Not just the allegations themselves, but what they say about where American politics is heading overall. Fear, escalation, shortcuts, political pressure overpowering institutional safeguards. Government agencies stretched beyond their limits while politicians weaponize public anger for votes. That combination creates dangerous systems. Ryan Schwank's testimony was not just an attack on Trump. It was a warning about what happens when politics corrods institutions from the inside out. And whether people on the right want to admit it or not, screaming border security does not excuse unconstitutional conduct. A government willing to ignore constitutional rights for people you dislike will eventually ignore constitutional rights for everyone else, too. That is the lesson Americans should be paying attention to here. And if this testimony disappears from the headlines in 2 days without serious investigation, that tells you something important, too.

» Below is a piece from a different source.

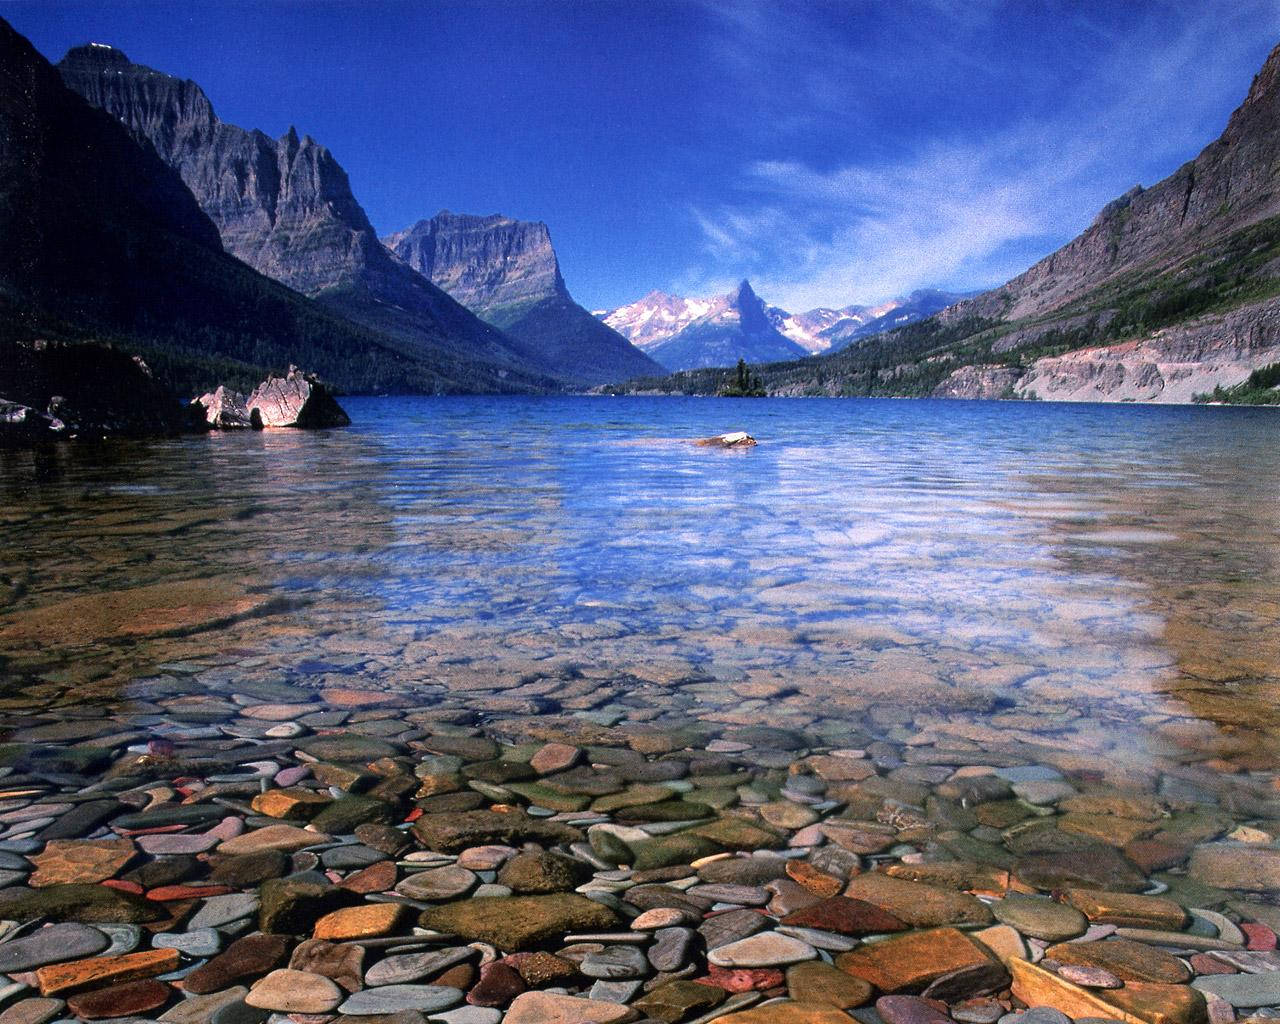 Reflection: Vis som et naturligt dansk taler og reflekter den klare Vand i Glacier National Park. Wallpaper

It tells you America has become dangerously numb to allegations that should once have caused national outrage. Imagine hearing even 10 years ago that federal instructors were allegedly being pressured to teach agents they could bypass judicial warrants and enter homes anyway. Imagine hearing that constitutional training was allegedly being slashed while politicians demanded mass expansion of federal enforcement power. That would have dominated national debate for weeks. But now half the country instantly dismisses it because it hurts their political side, while the other half turns it into temporary outrage content before moving on to the next scandal. That's how democratic institutions erode. Not all at once, but gradually, piece by piece, through exhaustion, through tribalism, through people becoming so overwhelmed by non-stop political chaos that they stop recognizing when genuinely dangerous lines are being crossed. And that may be the most devastating part of all. Not just that these allegations exist, but that millions of Americans have become conditioned to treat warnings about constitutional violations as normal background noise in modern politics.
That should scare every single person watching this.